Afghan government officials, meanwhile, were becoming increasingly distraught that their American allies were not coming down harder on Pakistan.
On one trip to Afghanistan soon after being elected vice president in 2008, Mr. Biden was urged by President Hamid Karzai to pressure Pakistan into rooting out Taliban sanctuaries on its soil. Mr. Biden was reported to respond by saying that Pakistan was 50 times more important to the United States than Afghanistan was.
In recent years, as American officials sought a way to leave Afghanistan, they again had to turn to Pakistan — to pressure the Taliban to come to peace talks, and to lend help when the United States needed to move against Al Qaeda or the Islamic State affiliate in the region.
With the U.S. intention to leave publicly declared, Pakistan did away with any semblance of denial that the Taliban leadership was sheltering there. Taliban leaders flew from Pakistani cities to engage in peace talks in Qatar. When negotiations reached delicate moments that required consultations with field commanders, they flew back to Pakistan.
When the United States finally signed a withdrawal agreement with the Taliban in February last year, the mood in some circles in Pakistan was one of open celebration.
Pakistan’s former defense minister, Khawaja Muhammad Asif, who had repeatedly visited the halls of power in Washington as a U.S. ally, tweeted a photo of U.S. Secretary of State Mike Pompeo meeting Mullah Abdul Ghani Baradar, the Taliban deputy at the talks in Qatar.
“You might have might on your side, but God is with us,” Mr.
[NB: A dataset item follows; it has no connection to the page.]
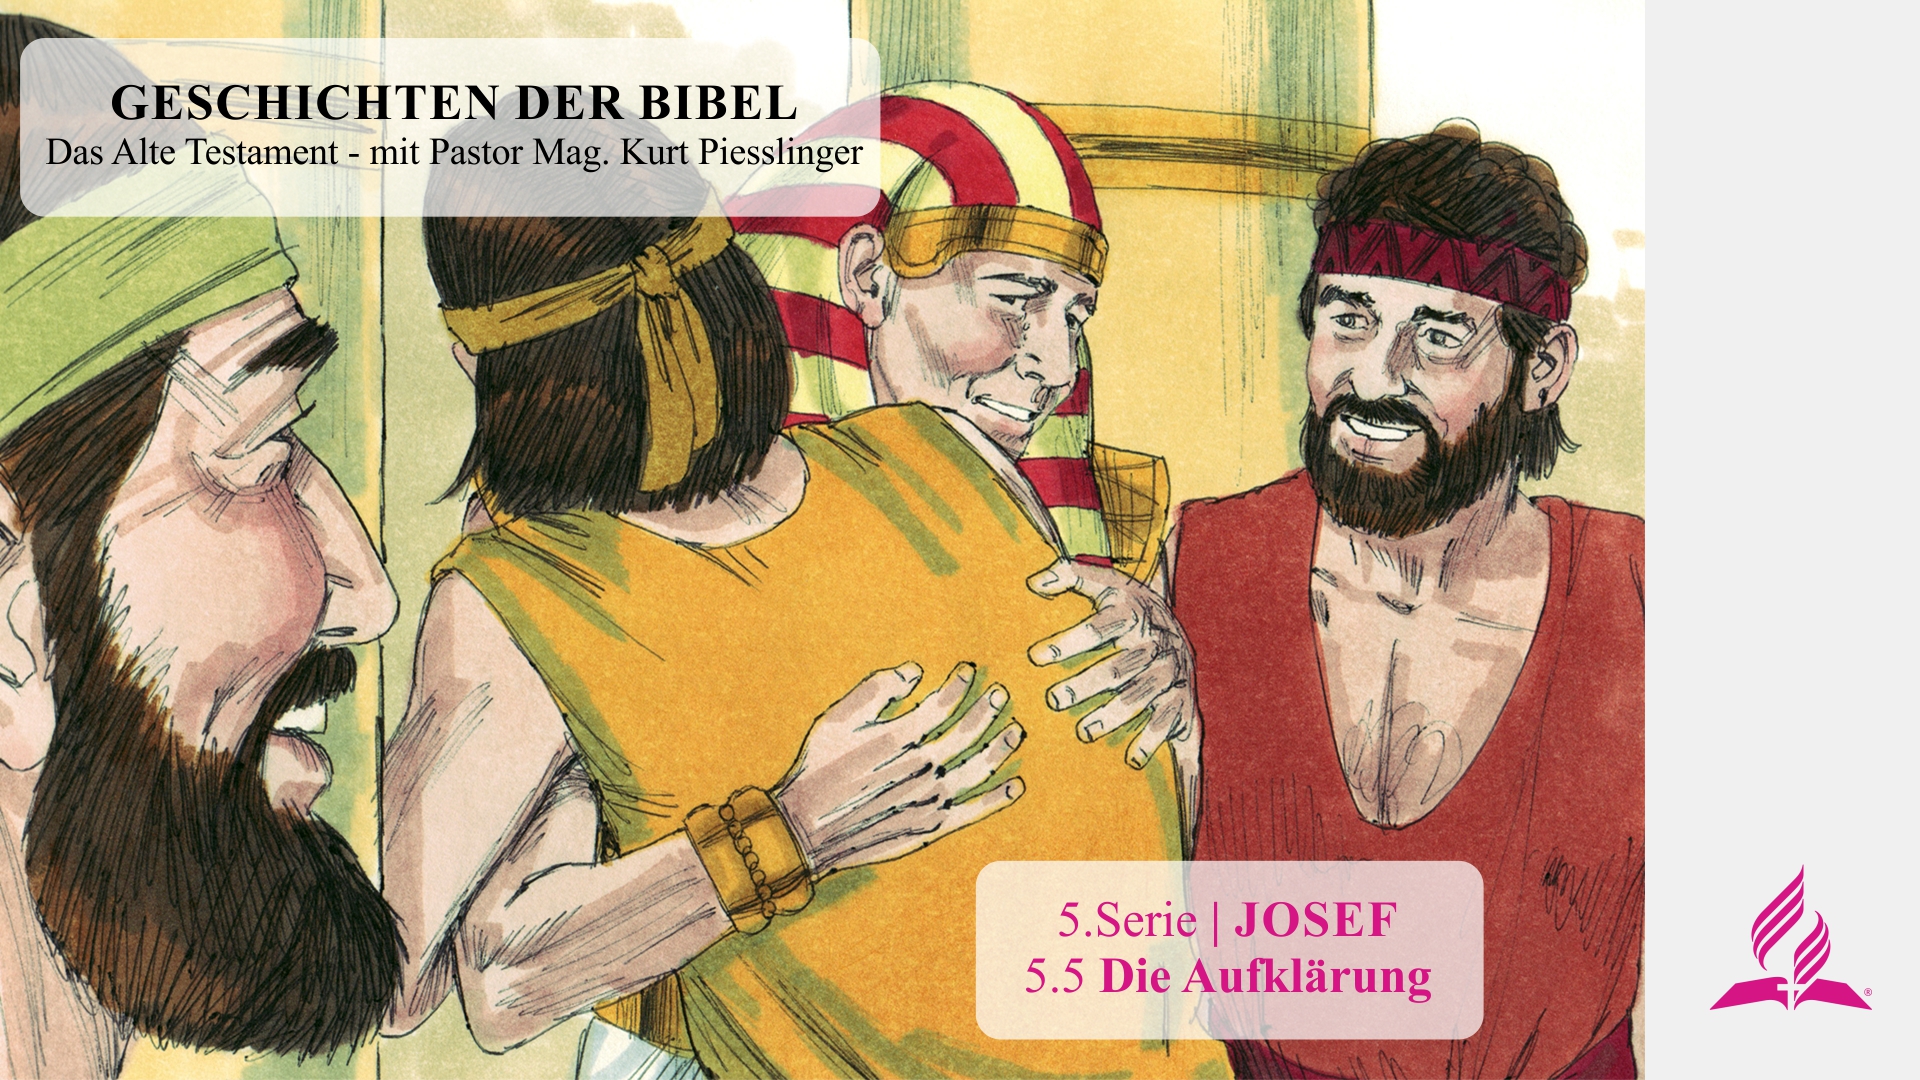 GESCHICHTEN DER BIBEL: 5.5 Die Aufklärung – 5.JOSEF | Pastor Mag. Kurt Piesslinger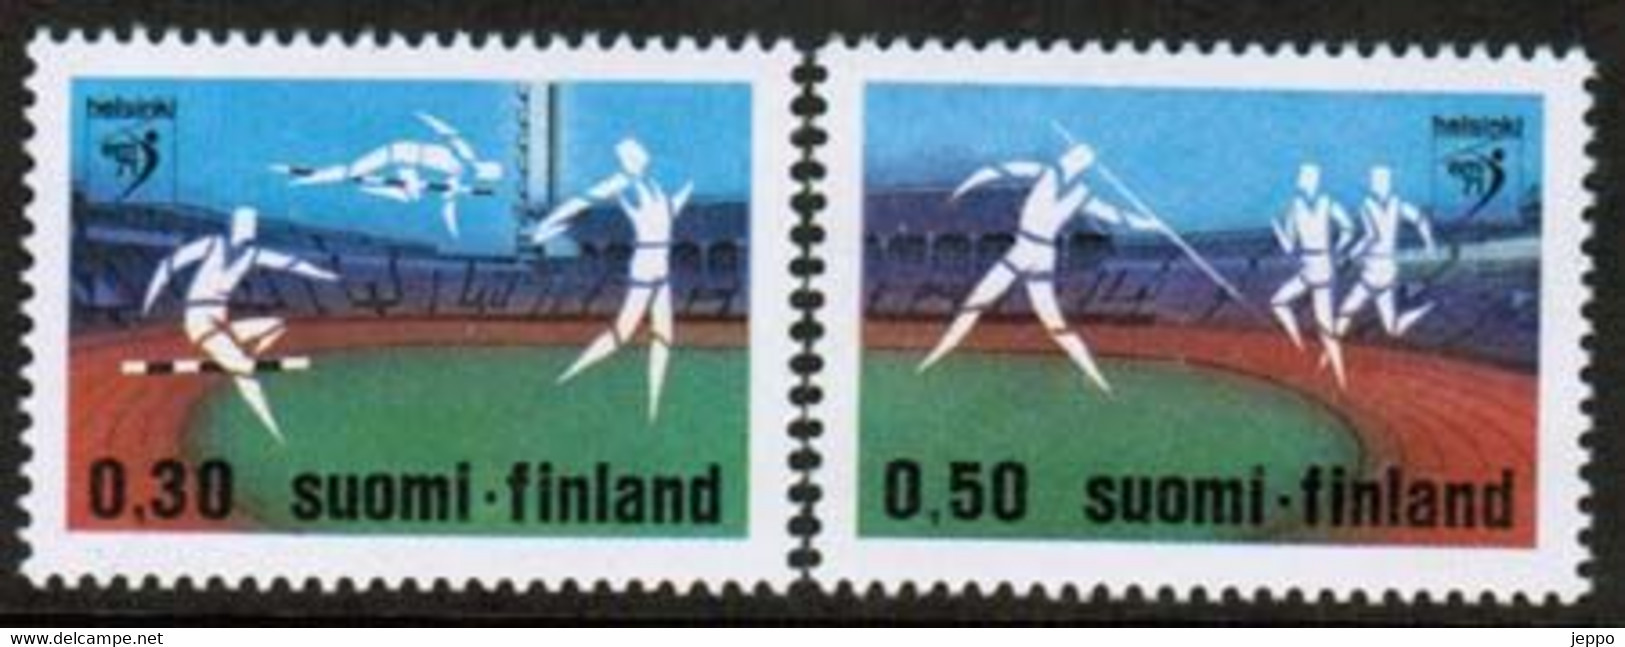 1971 Finland European Athletic Shampionships Complete Set MNH. - Neufs

Asif said in the tweet, ending with a cry of victory. “Allah u Akbar!”
But there are signs that extremist groups within Pakistan have already felt emboldened by the Taliban’s perceived victory, giving a glimpse of the trouble likely to be in store for Pakistani officials.
The once-defeated Pakistani Taliban have increased their activities in tribal areas bordering Afghanistan. Ambushes against security forces have become more frequent.
Just how wide the problem of extremism might stretch has been on display in recent days on the streets of two of Pakistan’s main cities, Lahore and Karachi.
Supporters of Tehreek-e-Labbaik Pakistan, a movement that sees itself as protecting Islam against blasphemy, thrashed uniformed members of Pakistani forces and took dozens hostage for hours. Videos emerged of Pakistani army officers trying to reason with the violent protesters. Officials said two policemen had been killed, and 300 wounded. The showdown continues, as the government moved to ban the group as a terrorist outfit.
“The state was not able to control the stick-wielding and stone-hurling members of the T.L.P. that paralyzed most parts of the country for two days,” said Afrasiab Khattak, a former chairman of Pakistan’s human rights commission. “How will they handle trained, guns-carrying Taliban militants?”
Mark Mazzetti and Eric Schmitt contributed reporting.